▶ ACTIVITY
Write out exactly the lines below from the one containing "table basse vintage" to the last, both ends kept, and nothing more; skip all pictures.

▶ MATERIAL PROVIDED
[Start of section]
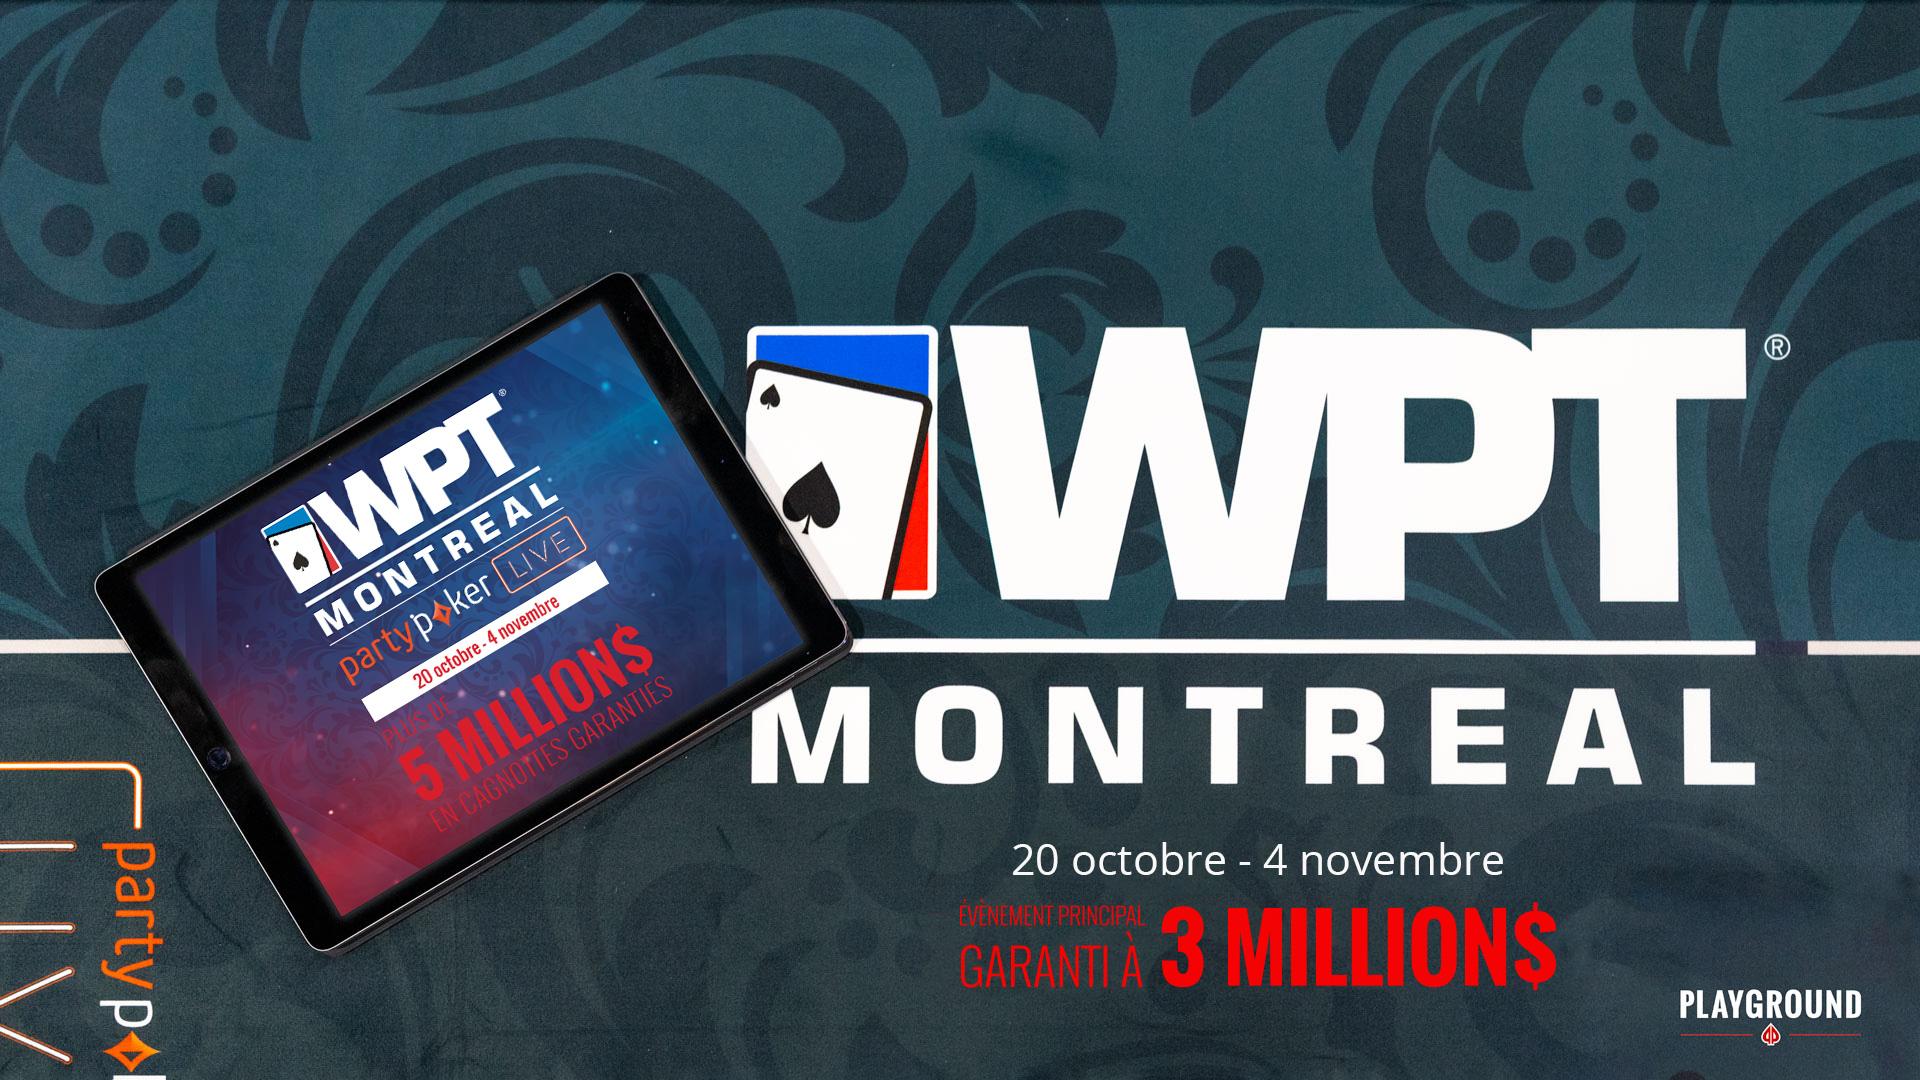 L'Évènement Principal du WPT Montréal Commence ce Week-end sur partypoker
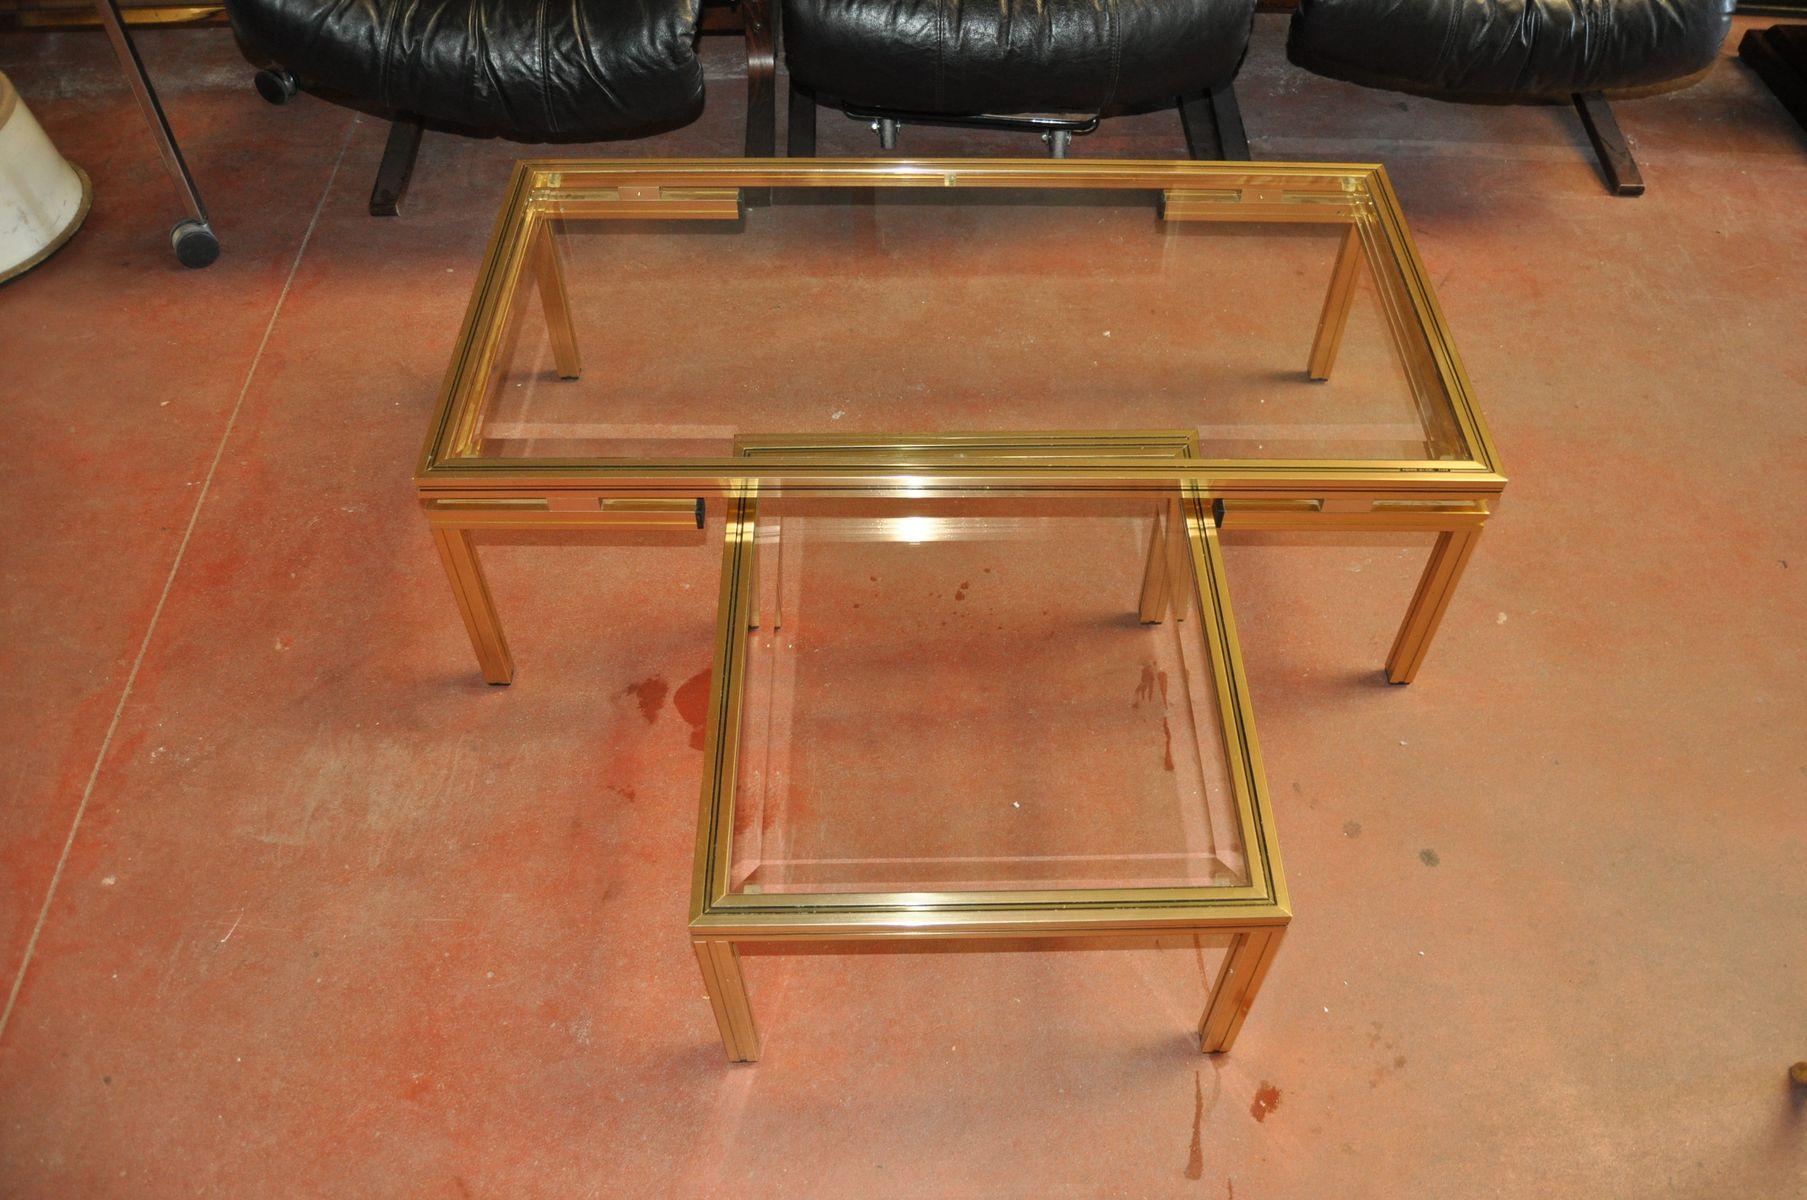 table basse vintage par pierre vandel france en vente sur pamono. Black Bedroom Furniture Sets. Home Design Ideas
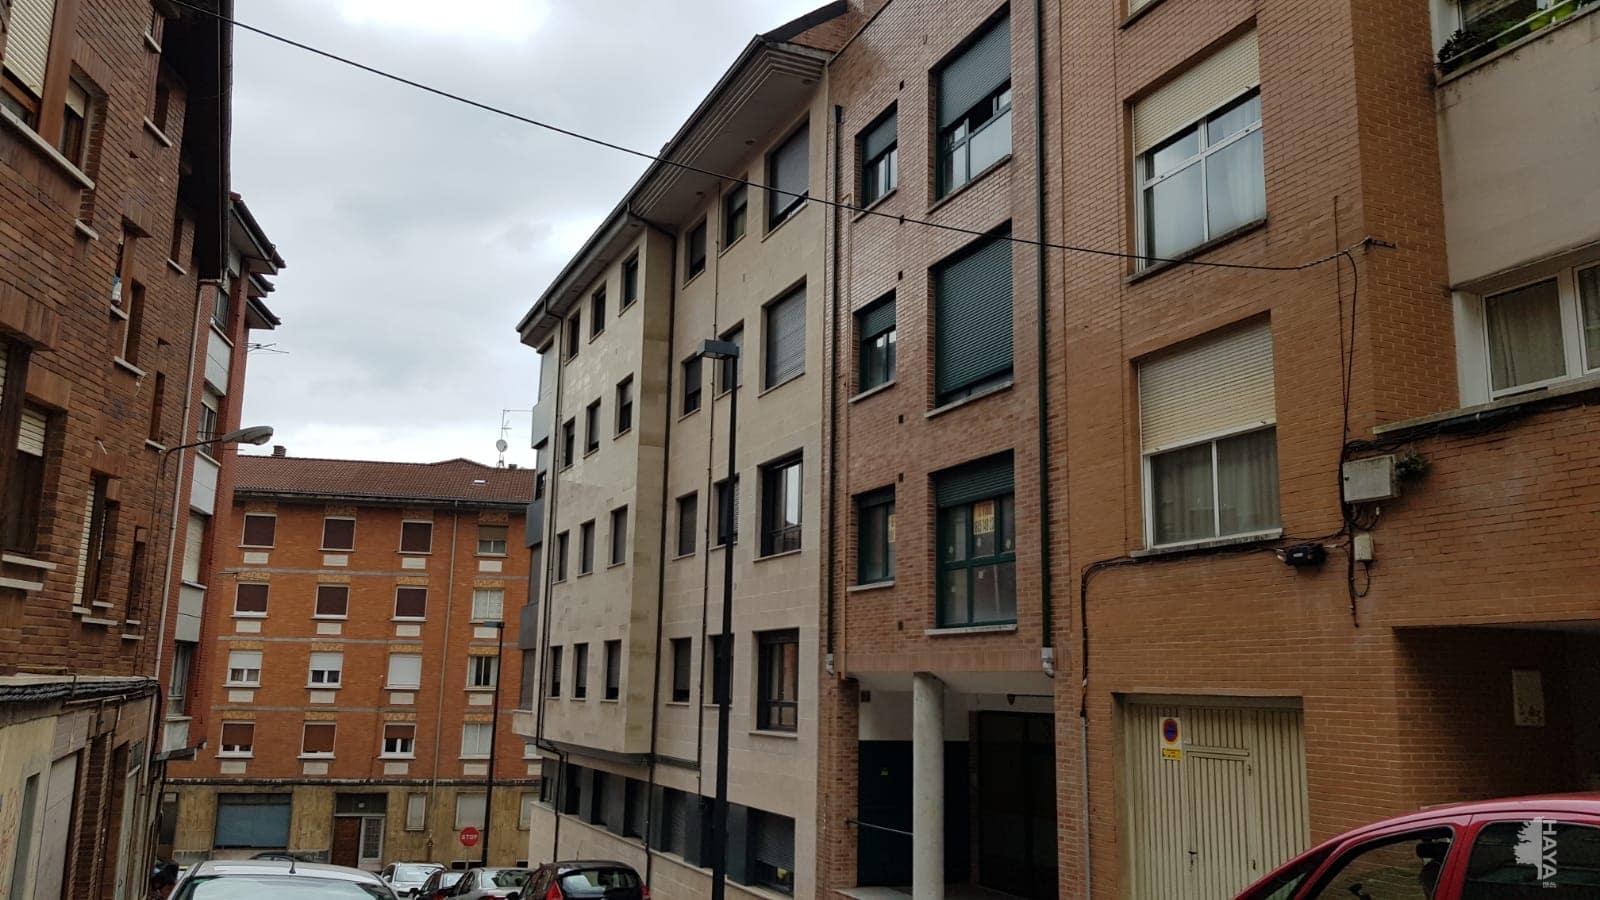 Piso en venta en Lena, Asturias, Calle Monte Ablanedo, 74.000 €, 3 habitaciones, 1 baño, 123 m2
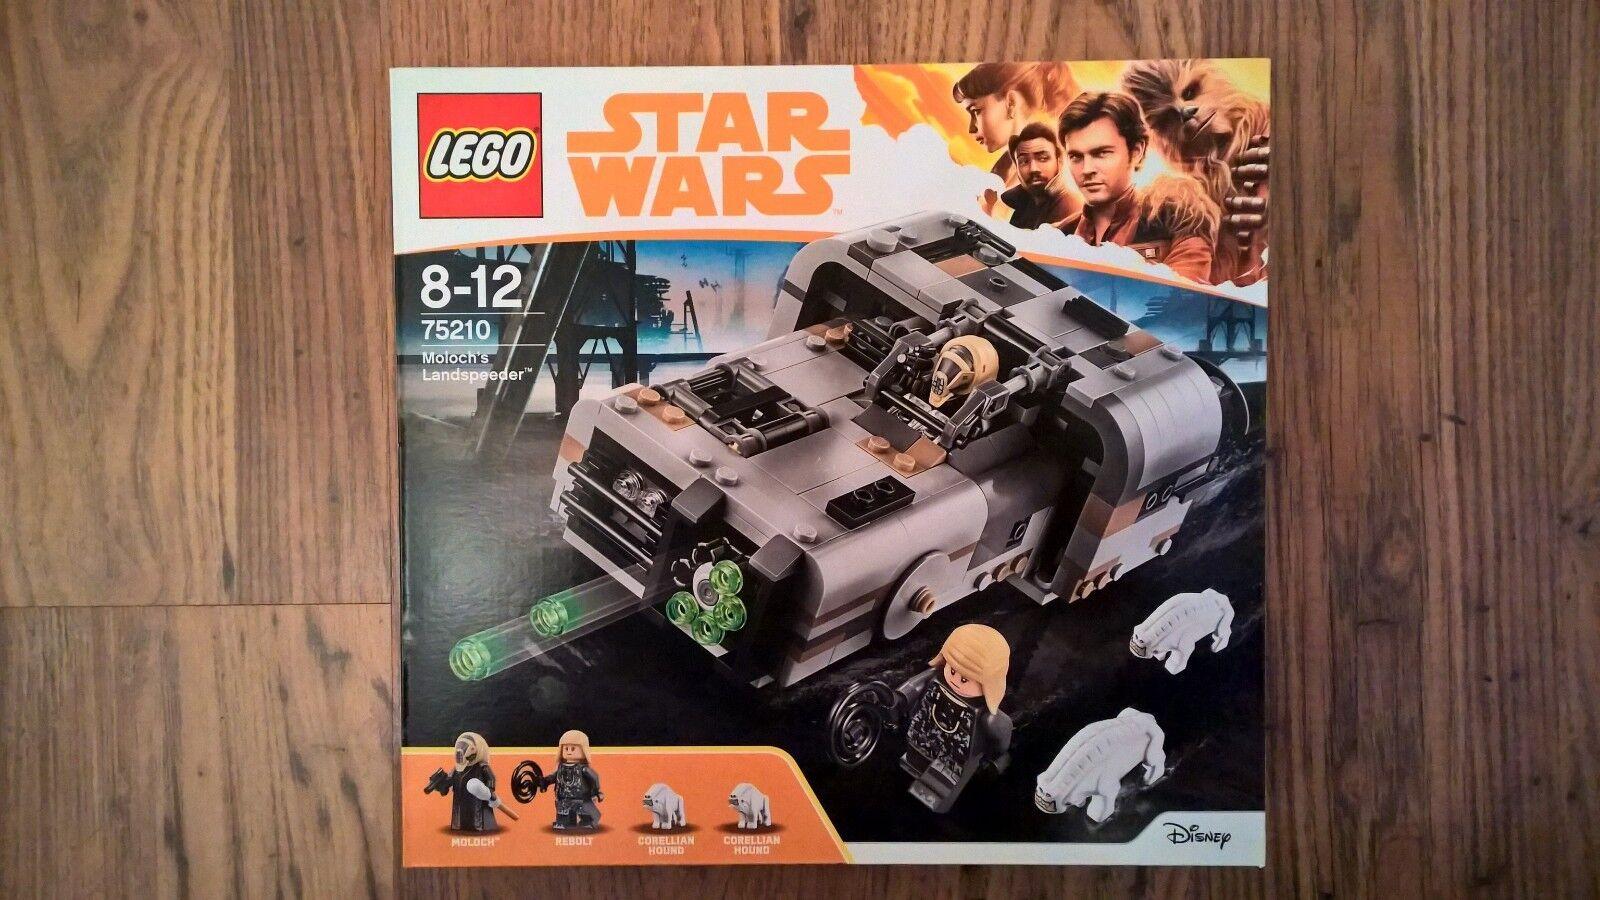 LEGO 75210 - MOLOCHS LANDSPEEDER - STAR WARS - BRAND NEW   SEALED
[End of section]
▶ WORKED SOLUTION
 table basse vintage par pierre vandel france en vente sur pamono. Black Bedroom Furniture Sets. Home Design Ideas
 Piso en venta en Lena, Asturias, Calle Monte Ablanedo, 74.000 €, 3 habitaciones, 1 baño, 123 m2
 LEGO 75210 - MOLOCHS LANDSPEEDER - STAR WARS - BRAND NEW   SEALED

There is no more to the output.